Por aquí por Valencia nos gusta el fuego. No sé por qué, pero nos encanta. El fuego en su vertiente lúdica y estética, pero fuego al fin y al cabo. Apenas hemos salido de las hogueras de San Antón en enero y ya estamos con la mirada puesta en marzo y en las Fallas, la fiesta de los tópicos. Qué le vamos a hacer, es lo que pasa con las tradiciones: sólo puedes decir algo nuevo sobre ellas durante unos pocos años. Luego su descripción se ritualiza también y pasa a ser parte de la tradición, un cómodo molde en el que encajar los adjetivos de siempre hilados en cadenetas gramaticales mil veces repetidas. Ya saben: «fiestas incomparables», «luz y color», «la belleza de las mujeres», «alegría y ruido»; se podrían engarzar todas en algo tipo generación de ensayos postmodernos, pero sería un generador de alabanzas a las Fallas. Ahí queda el reto.
Y el caso es que yo intento ponerme toda distante y bufar, con delicada suficiencia, contra la plebeyez de las fiestas cuasi-equinocciales, ay, que diga, en honor a San José, pero no puedo. Porque me encantan las fallas.
No me encantan en el sentido de participar y meterme en ellas de cabeza, convirtiendo el año en una pista de despegue que culmina en el 19 de marzo. De hecho, paso por las fallas de puntillas, evitando cuidadosamente verbenas y pasacalles, ofrendas y blusones, petardos azarosos y despertás. Reniego, como todo el mundo, por el ruido constante que impide dormir, por las calles abarrotadas, por el caos de tráfico que dificulta incluso el transporte público. Las fallas están llenas de incomodidades para quien tiene que trabajar esos días.

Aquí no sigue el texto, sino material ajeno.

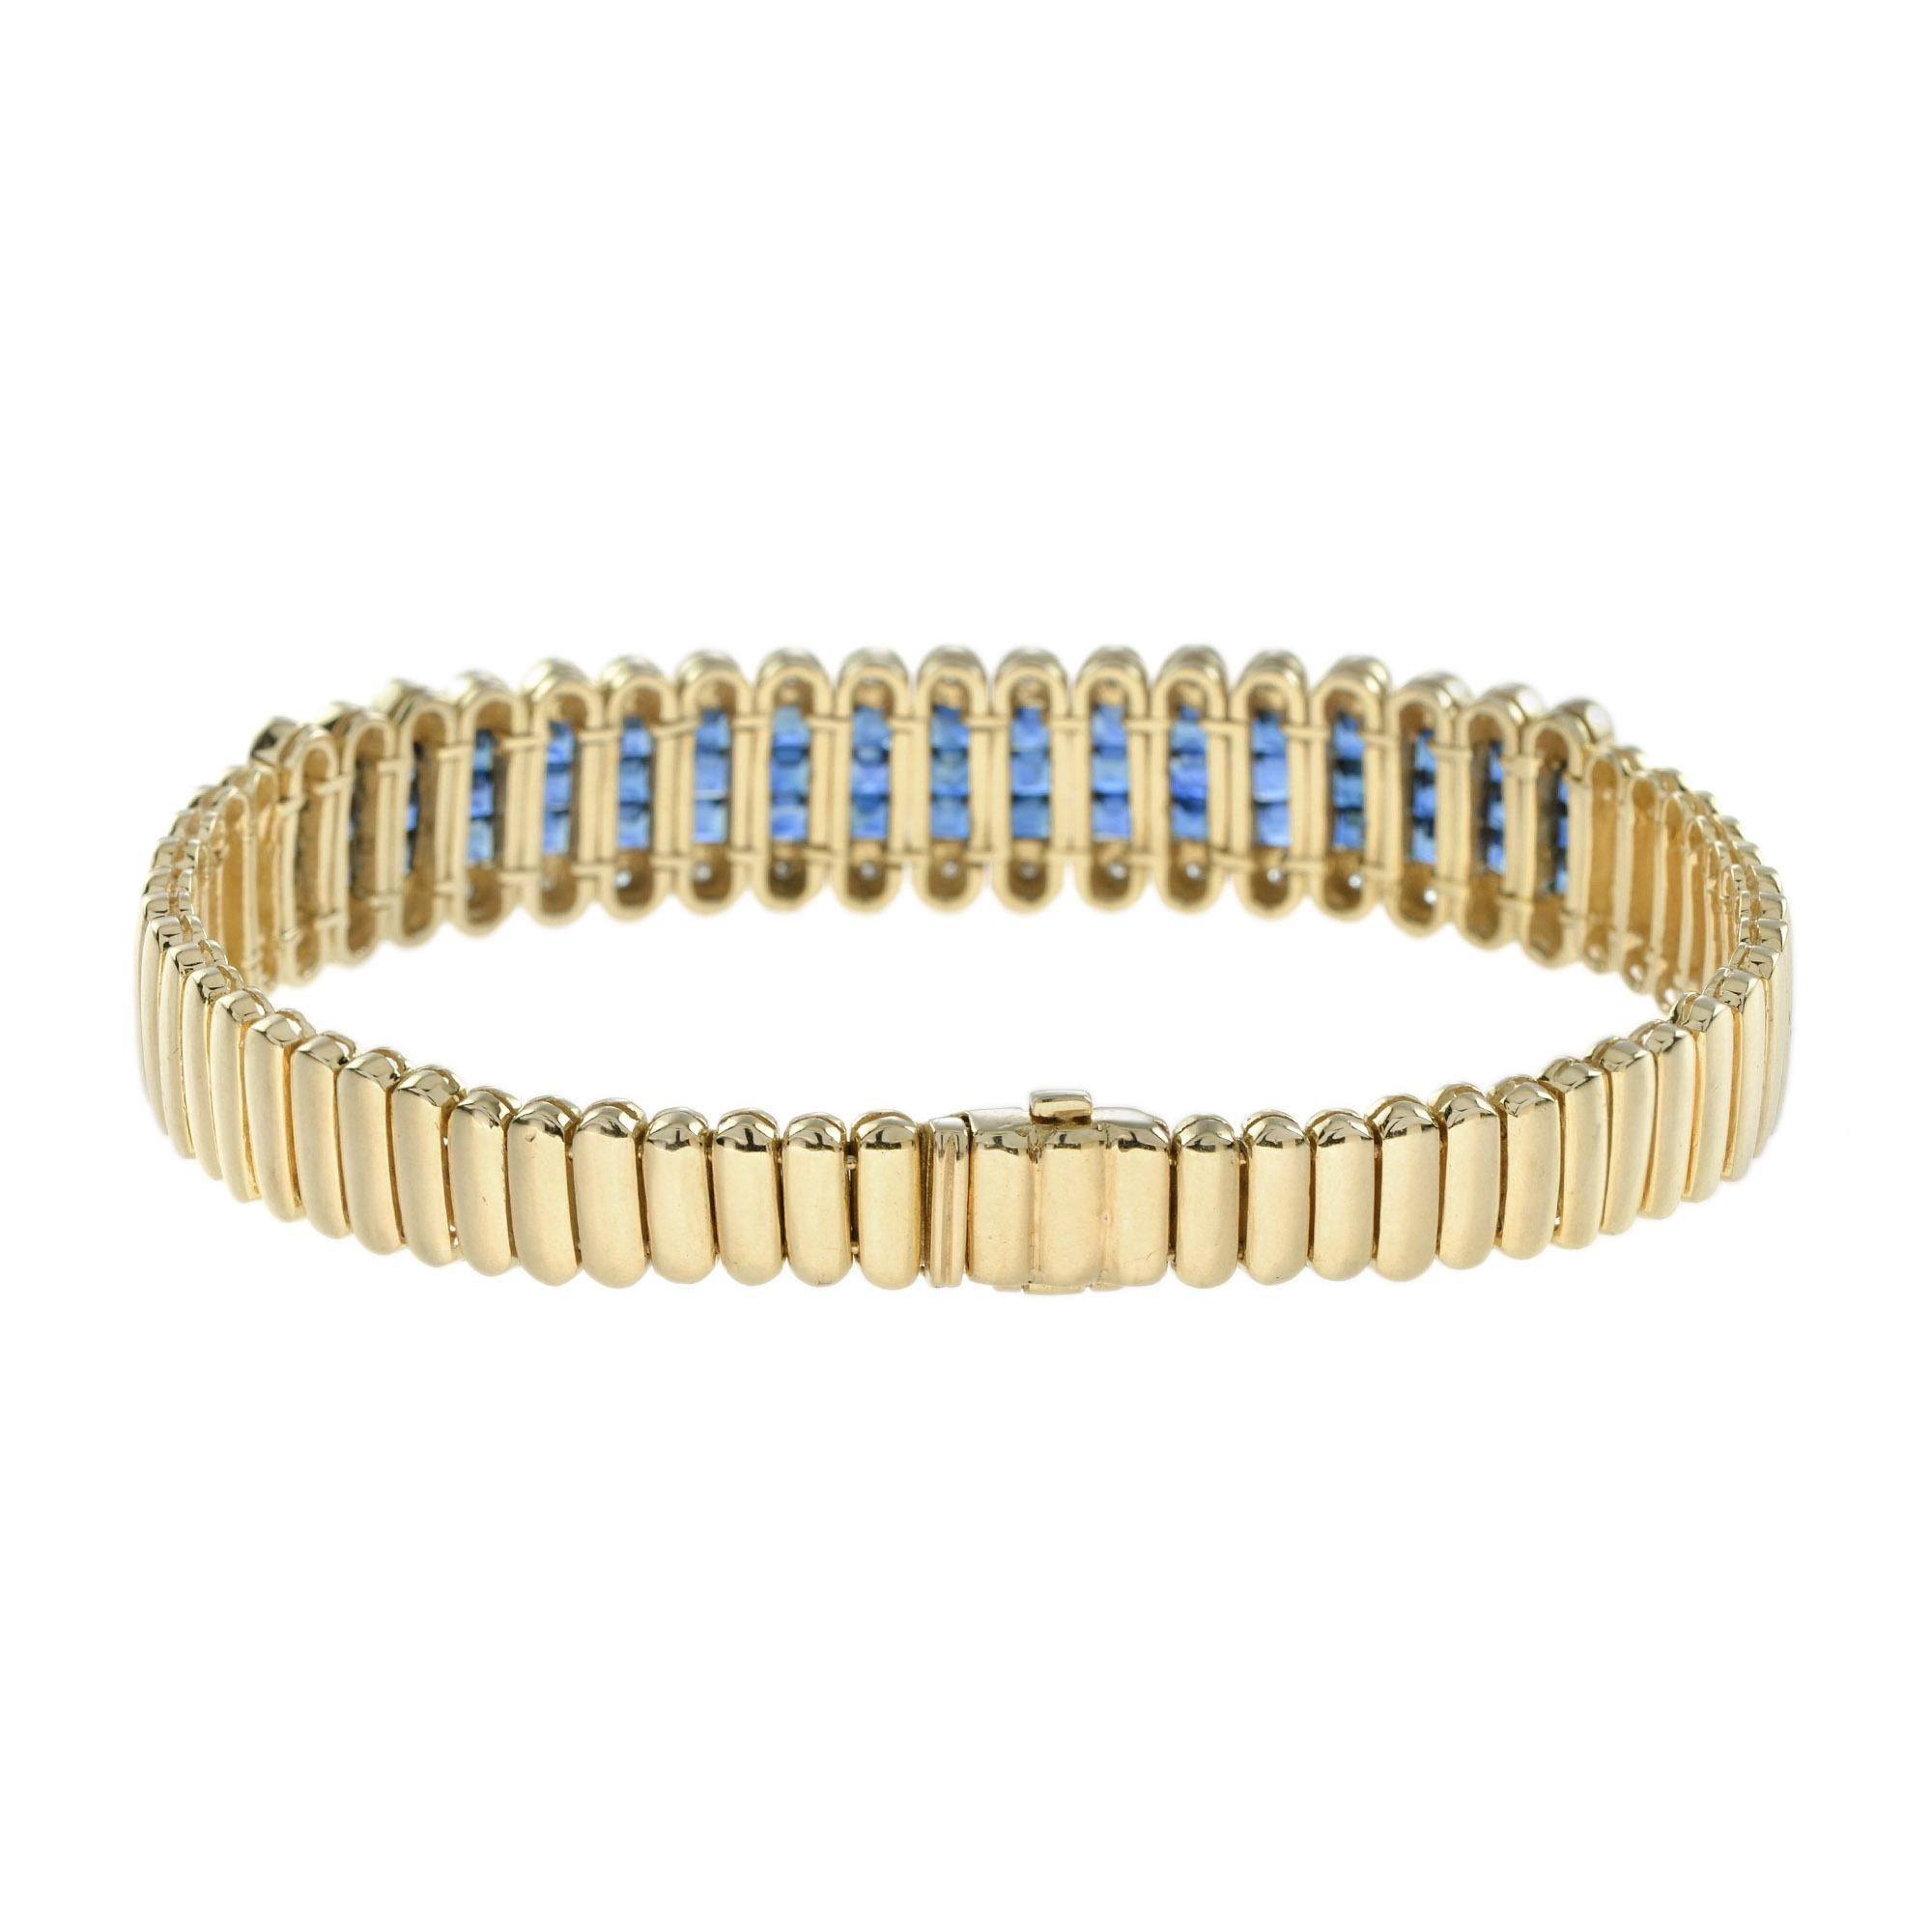 Art Deco French Cut Sapphire and Diamond Bracelet in 18k Yellow Gold For Sale

Las fallas están llenas también del maravilloso ruido de las mascletás, mi actividad favorita. Es la única ocasión en la que me gusta estar inmersa en la multitud apretada de la plaza del Ayuntamiento; a veces tan apretada que podrías levantar los dos pies del suelo y te sostendría la elástica presión de los cuerpos de alrededor. El aire vibra con miles de personas hablando, gritando, silbando, formando un cimiento sonoro como una colmena, coronada por la cada año más potente megafonía, que emite música cada año más inane. El aire huele a la dulzura aceitosa de los buñuelos, a pieles caldeadas por el sol, a marihuana y a asfalto. La luz es blanca, viva, densa y dulce como el aceite de buñuelos; se mete por todos los recovecos de tu cuerpo (también como el aceite), y te abre los poros de dentro a fuera, permeándote al ambiente sensual, fundiéndote con el día centelleante y zumbón.
Las mascletás llevan el ruido a otro nivel, casi cuántico. Las buenas mascletás, de hecho, siempre sorprenden, por mucho que creas que lo has oído todo. Si están bien estructuradas, van de menos a más manteniendo cierto ritmo, y tus tímpanos, al principio sobresaltados, se van acostumbrando al retumbar brusco y rítmico, soportado por los aullidos de banshee de las salidas. Hasta que llega el trueno.
El trueno es el clímax de la mascletá, una nube de ruido palpable, un estruendo telúrico de tal calibre que los oídos renuncian, derrotados, y le pasan el protagonismo a los huesos, que ronronean dentro del cuerpo como un gato gigante, y a la piel, que siente la caricia trémula de las ondas de choque de un ruido que pasa más allá del umbral sonoro y se convierte en silencio atronador. Son unos pocos segundos de éxtasis total, durante los que la cara se me abre en una sonrisa ancha, feliz, desbordada, que se contagia a todo el mundo a mi alrededor. O quizá me la contagian ellos.
Cuando todo termina y el mundo cae de golpe en un silencio algodonoso y ensordecido, aplaudimos y nos miramos unos a otros, hermanados por el shock, asintiendo y vocalizando nuestra aprobación, mientras el olor estimulante de la pólvora nos llena el cerebro y la adrenalina deja de fluír y nos enerva las venas y los músculos.
Esta extraordinaria sobredosis tiene lugar cada día de Marzo hasta el 19. Cada vez viene más gente. Hay mucho que decir a favor de una catarsis tan pacífica y tan absoluta.